The plastic passivated/encapsulated semiconductors antedate the glass passivated/encapsulated semiconductors and, despite their above-recited disadvantages, have been produced and used in such vast quantities that organizations of manufacturers and users have established dimensional standards therefor, thus making possible the development of automatic handling machinery for testing, marking, tape-reel packaging, lead bending and trimming, and automatic insertion of the devices into printed circuit boards. While all of the above-identified reliability problems characteristic of the plastic passivated/encapsulated devices are overcome in the glass passivated/encapsulated devices, the size and beaklike shape of the glass layer varies considerably from device to device. This variability, especially in conjunction with the miniature size of the beads in the newest devices, greatly increases the problems associated with automatic handling equipment, often to the point where cost-saving automatic techniques cannot be used and manual assembly costs must be absorbed to achieve the advantages of superior reliability. Thus, despite the reliability problems manifested by the older plastic passivated/encapsulated semiconductor, they remain most popular because of their mechanical design which is so readly adaptable to automation.

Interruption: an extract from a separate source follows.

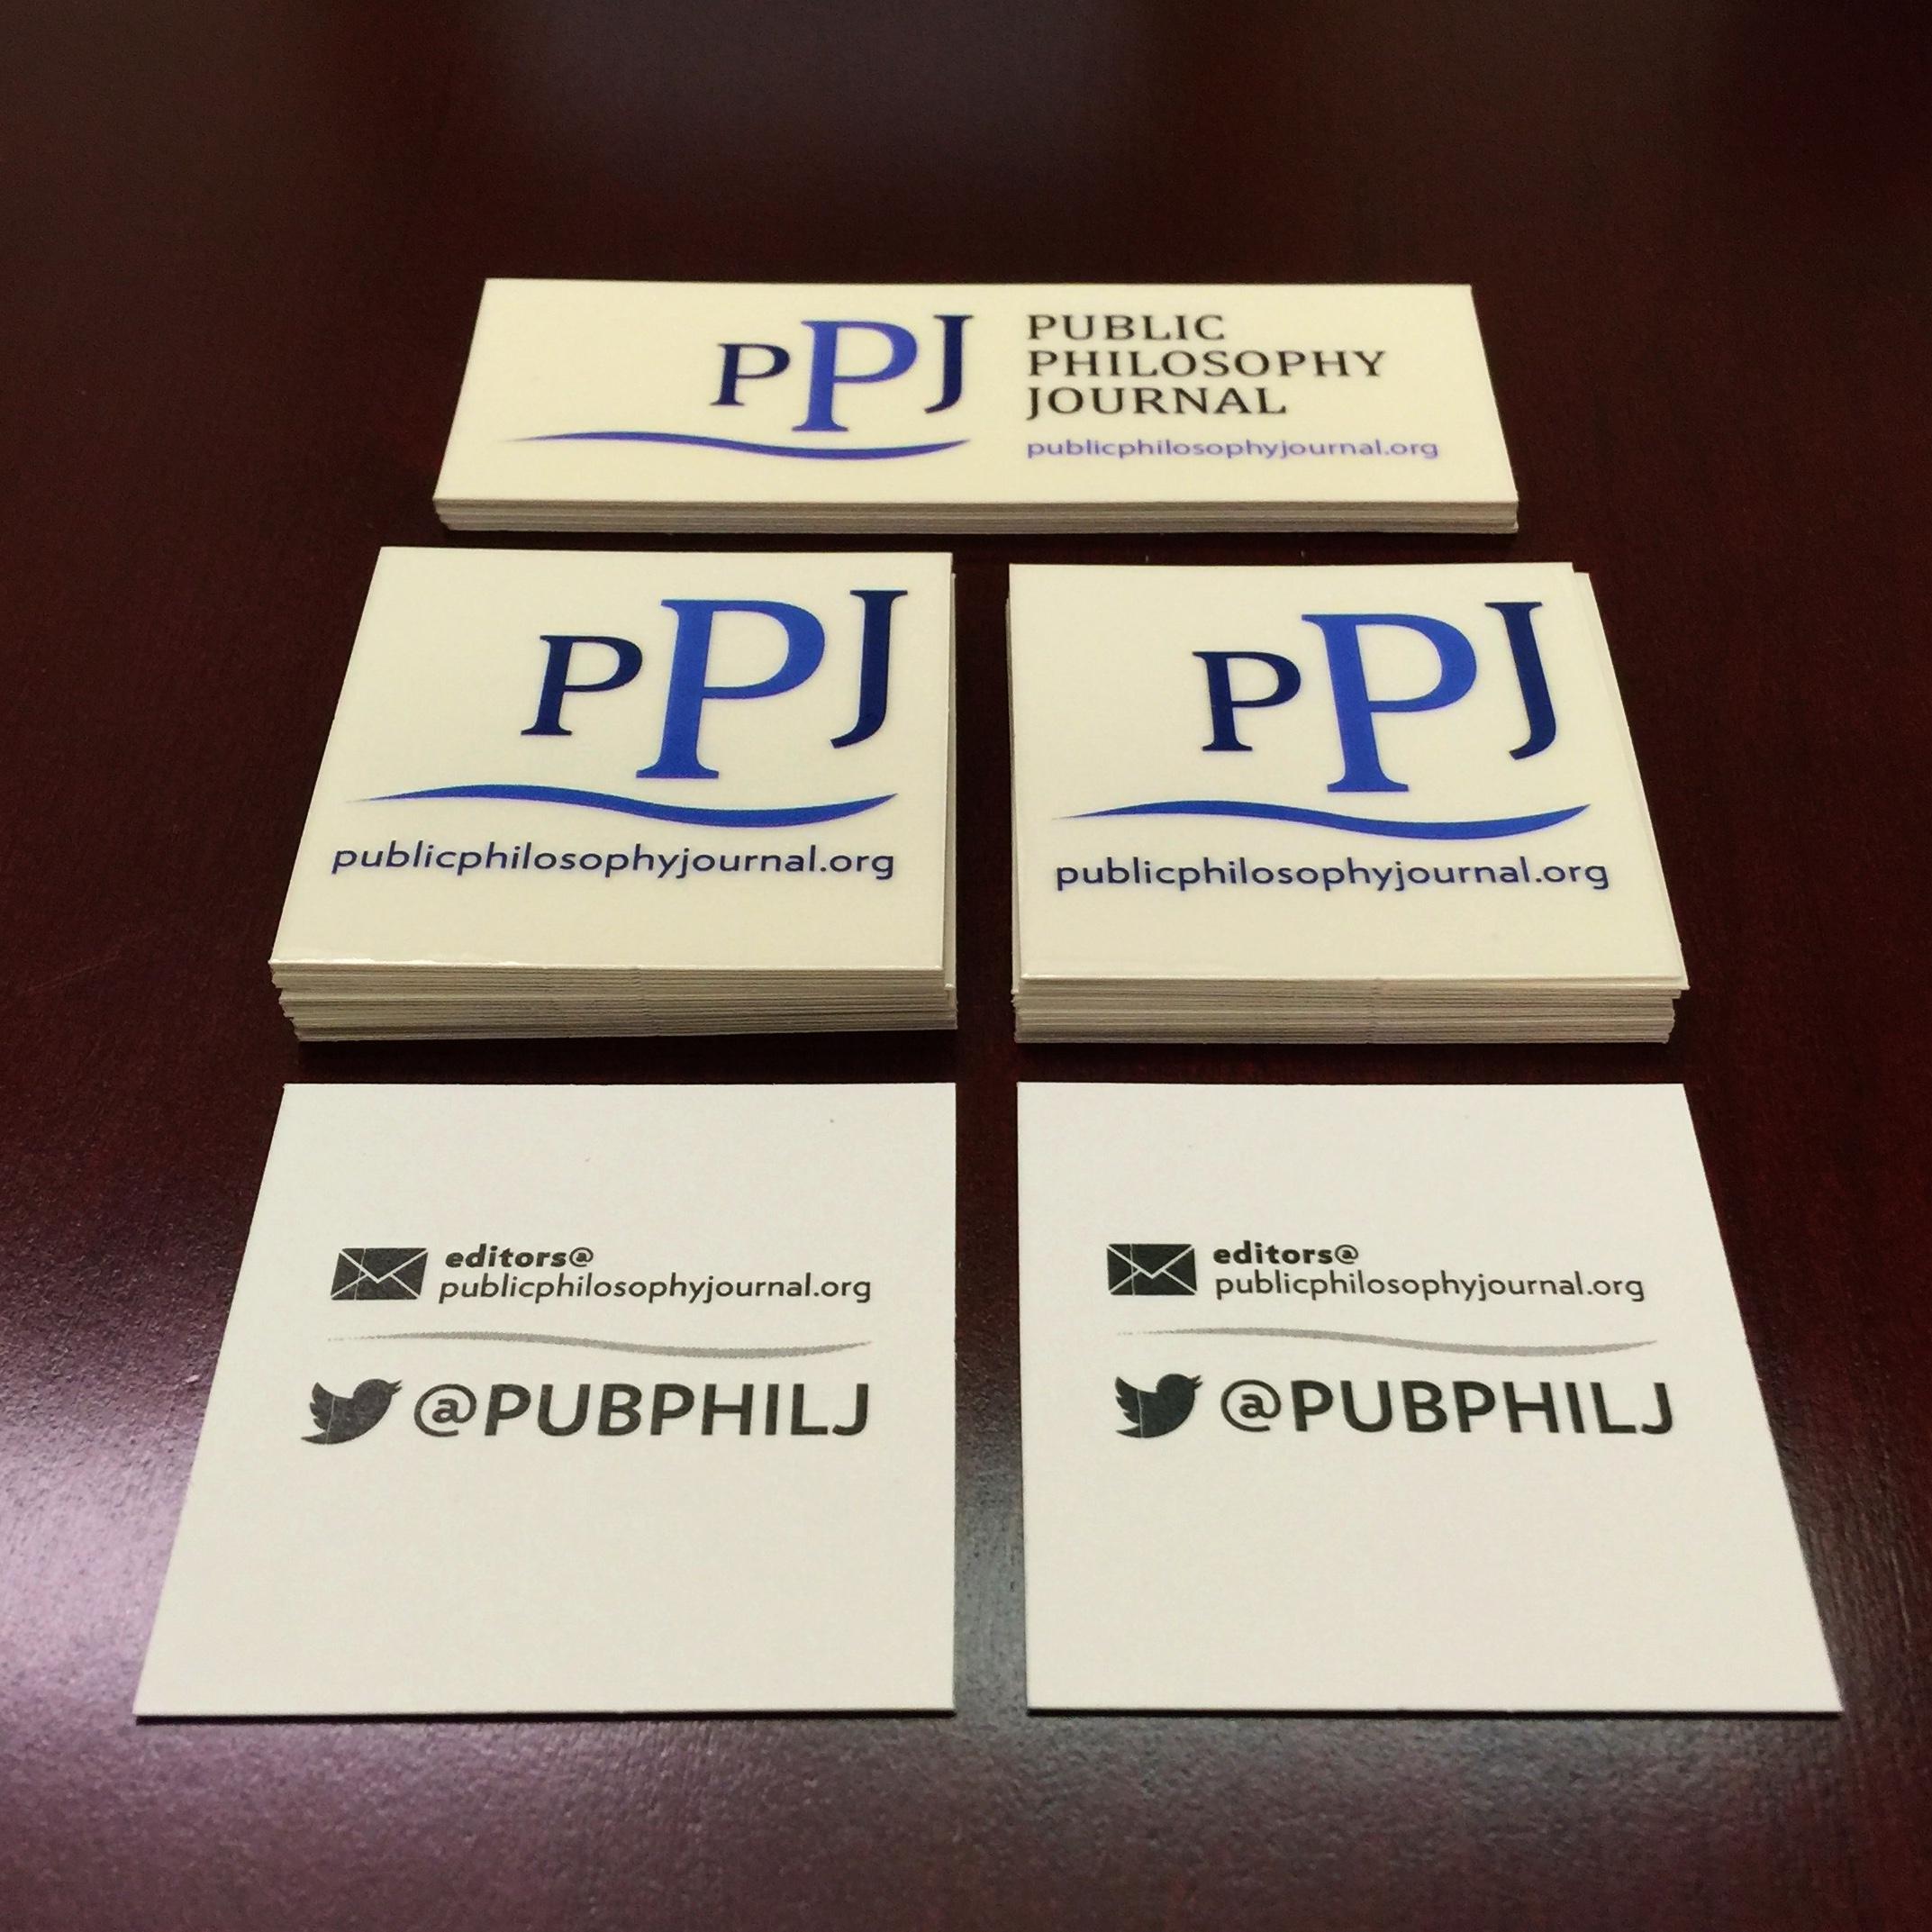 Public Digital Scholarship: The @PubPhilJ at the #APAEastern

While semiconductor assemblies passivated and encapsulated in a combination of plastic and glass have been described in the prior art, such assemblies have not proven to be entirely satisfactory. Such semiconductor assemblies (as described in U.S. Pat. No. 3,149,396 and U.S. Pat. No. 3,237,272) typically possess one or more of the following disadvantages: (1) they are not applicable to axial lead semiconductors, (2) they utilize a special low melting point glass which fails to afford the aforementioned advantages of glass passivation/encapsulation, and (3) they utilize a microscopic passivation layer of grown lead silicate glass which affords passivation only at low voltage levels.
Accordingly, it is an object of the present invention to provide a passivated/encapsulated semiconductor assembly which combines the advantages of glass passivation and plastic encapsulation.
It is another object to provide such an assembly having a peripheral configuration which fits into automatic equipment designed for plastic passivated/encapsulated assemblies.
It is a further object to provide such an assembly which is completely resistant to moisture and withstands humidity and hermeticity tests with negligible failures.
A further object is to provide such an assembly which operates with high reliability at room temperature and at elevated temperatures, and exhibits superior thermal cycling resistance.
Another object is to provide a simple and economical process for manufacturing such a passivated and encapsulated semiconductor assembly.